04Blob reporter format
The HTML reporter is for humans. The blob reporter is for machines. It is Playwright's compact
intermediate format - a zip containing every test result, attachment, trace, and screenshot the shard
produced. The merge tool reads N blob zips and writes one HTML.
run with blob reporter
npx playwright test --shard=1/4 --reporter=blob
# Default output: blob-report/report-1.zip# You can pin a name with PWBLOB_NAME env var.
Each blob zip contains:
A JSONL stream of test events (start, end, attachments).
The trace zips, video webms, and screenshot PNGs referenced by those events.
A manifest with the shard number and total.
The blob format is stable across Playwright minor versions. If shard 1 ran on v1.49.0 and shard 2 on v1.49.1, the merge still works - but pin to the same major.minor for safety.
05Merge - npx playwright merge-reportsmermaid 2/3
The merge runs after all shards complete. It accepts a directory full of blob zips and produces any
reporter output you ask for - HTML, JSON, JUnit XML, GitHub Actions annotations. Most teams produce HTML
for humans and JUnit XML for CI ingestion.
Lifecycle of blob files - written by shards, uploaded as artifacts, downloaded and merged in a final job.
merge command
# All blob zips collected under ./all-blob-reports/
npx playwright merge-reports ./all-blob-reports \
--reporter=html
# Multi-output: html + junit + GitHub annotations
npx playwright merge-reports ./all-blob-reports \
--reporter=html,junit,github
The merged HTML has every test in one place, marks reruns and retries correctly, and shows attachments inline.
06GitHub Actions matrix fanout mermaid 3/3
Matrix is GitHub's way of saying "run this same job once per element in a list". Combined with sharding,
it gives you the 1-container-1-shard pattern for free.
A real shape: the TTACart suite has 12 tests across 12 files. We shard 4 ways. Three tests land in each
shard. Each runs ~3 minutes. Wall-clock drops from 12 minutes to a little under 4.
Shard distribution for a 12-spec TTACart suite, 4-way shard. Wall-clock falls from ~12 min to ~3.2 min + ~30s merge.

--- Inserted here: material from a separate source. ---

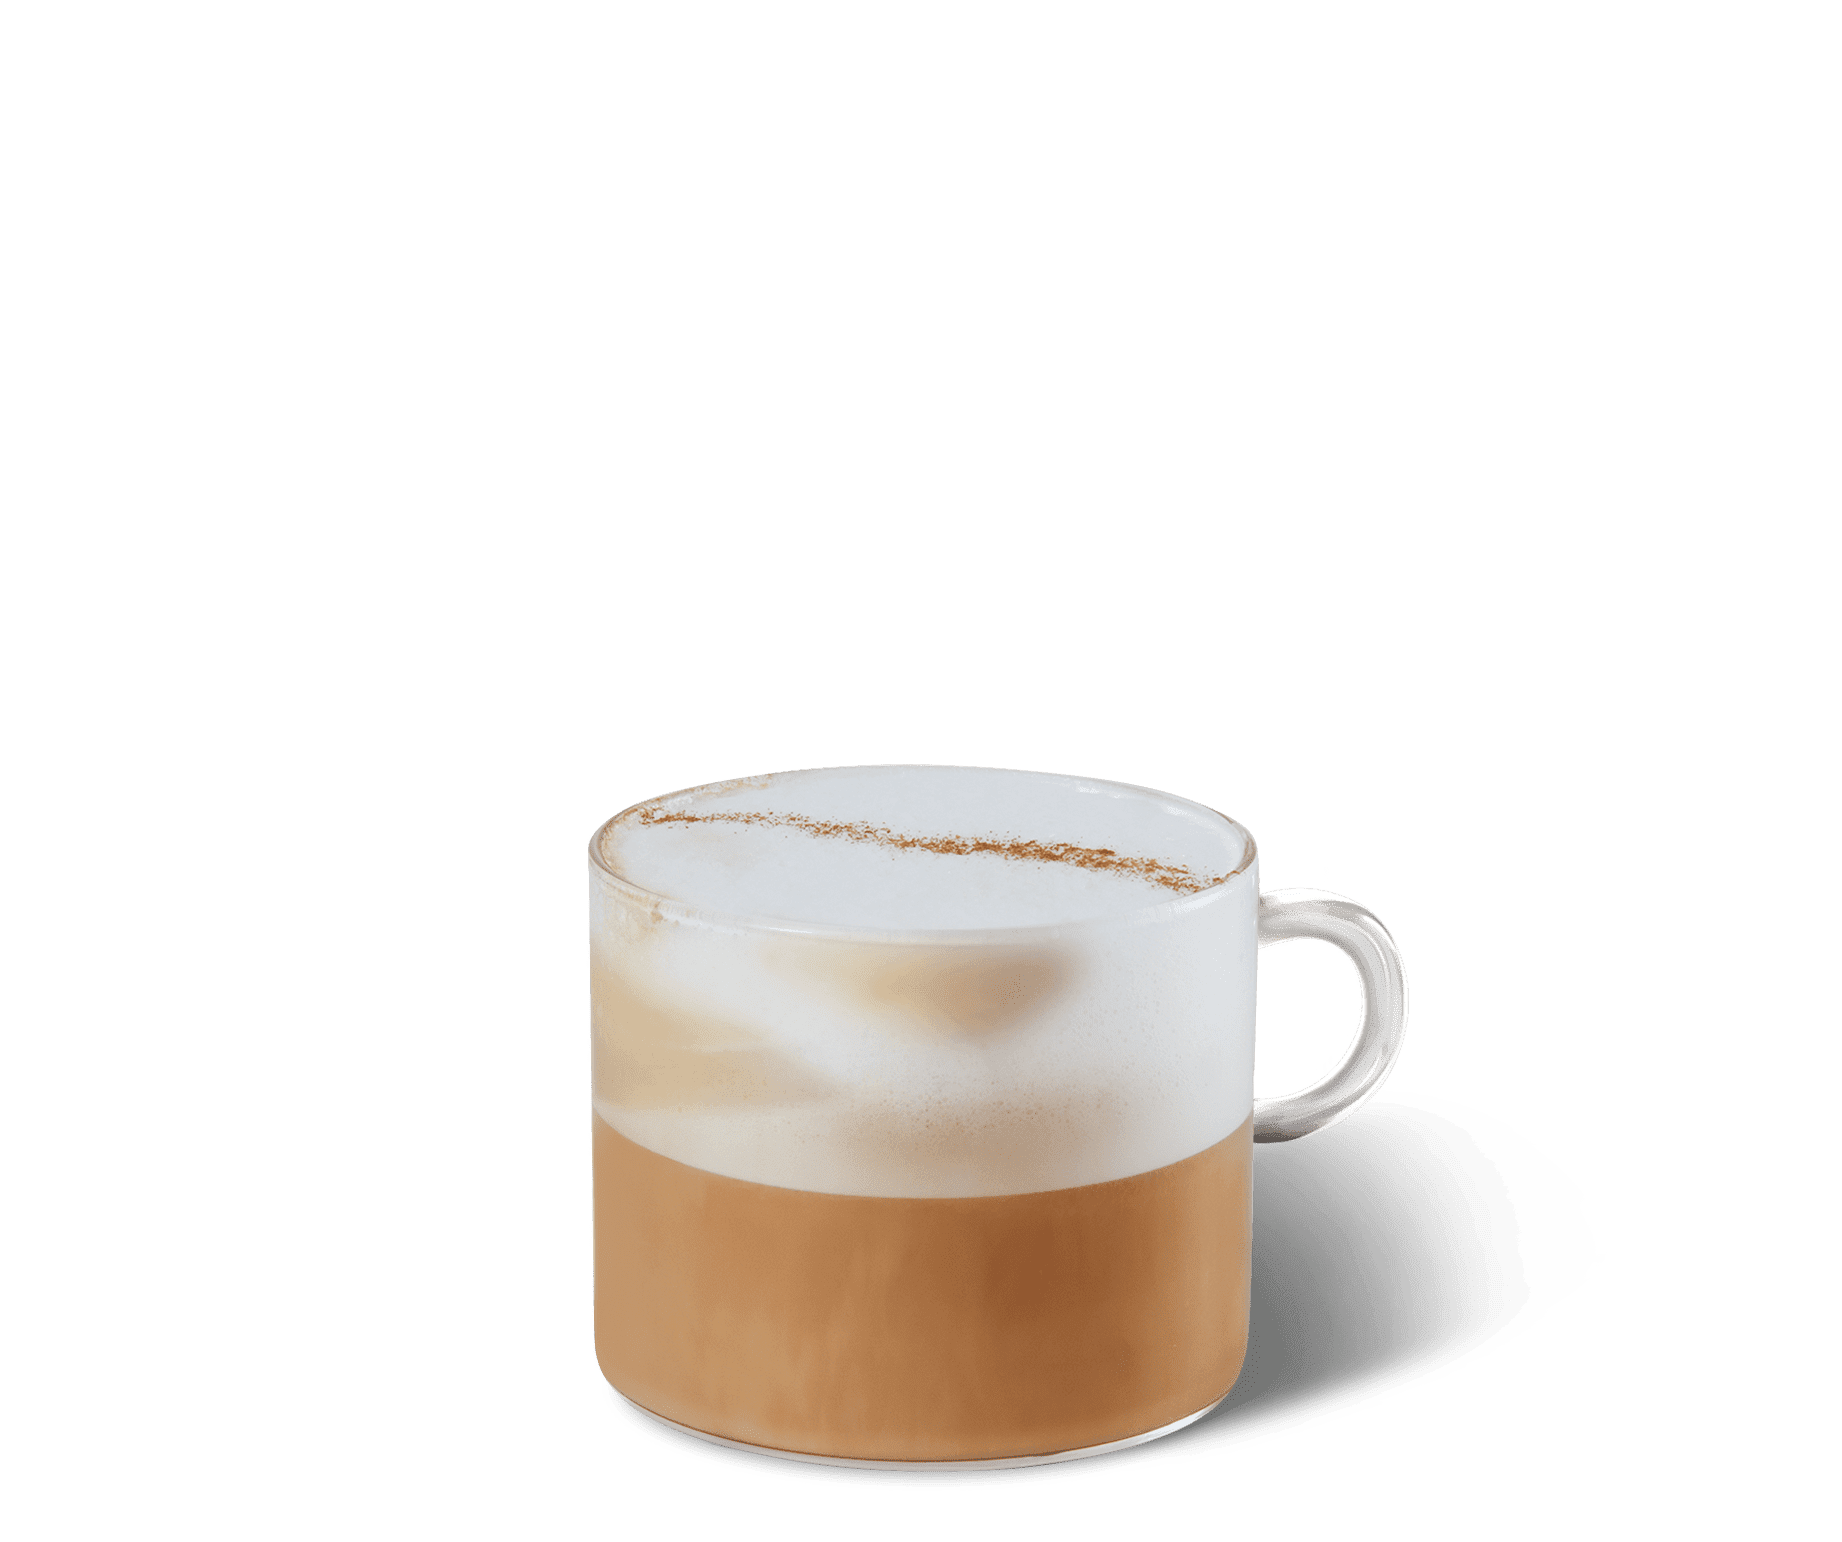 jordnødder talentfulde Soaked How to make cappuccino| Starbucks® Coffee at Home

08Fail-fast trade-offs strategy
GitHub matrix has a fail-fast flag. When true (the default), the moment one shard fails,
GitHub cancels every other shard in the matrix. When false, every shard runs to completion. Both make
sense in different contexts.
Setting
Behaviour
Use when
fail-fast: true
Cancel siblings on first failure
Pull request gates - want fast feedback that "something is broken"
fail-fast: false
All shards run, every failure surfaces
Nightly suites - want the full picture of what is broken
continue-on-error: true
Individual shard failures do not fail the workflow
Soft-failing flaky shards while you triage
Common mistake: setting both fail-fast: false AND continue-on-error: true. The workflow now reports green even when tests fail, because nothing escalates. Pick one strategy and stick with it.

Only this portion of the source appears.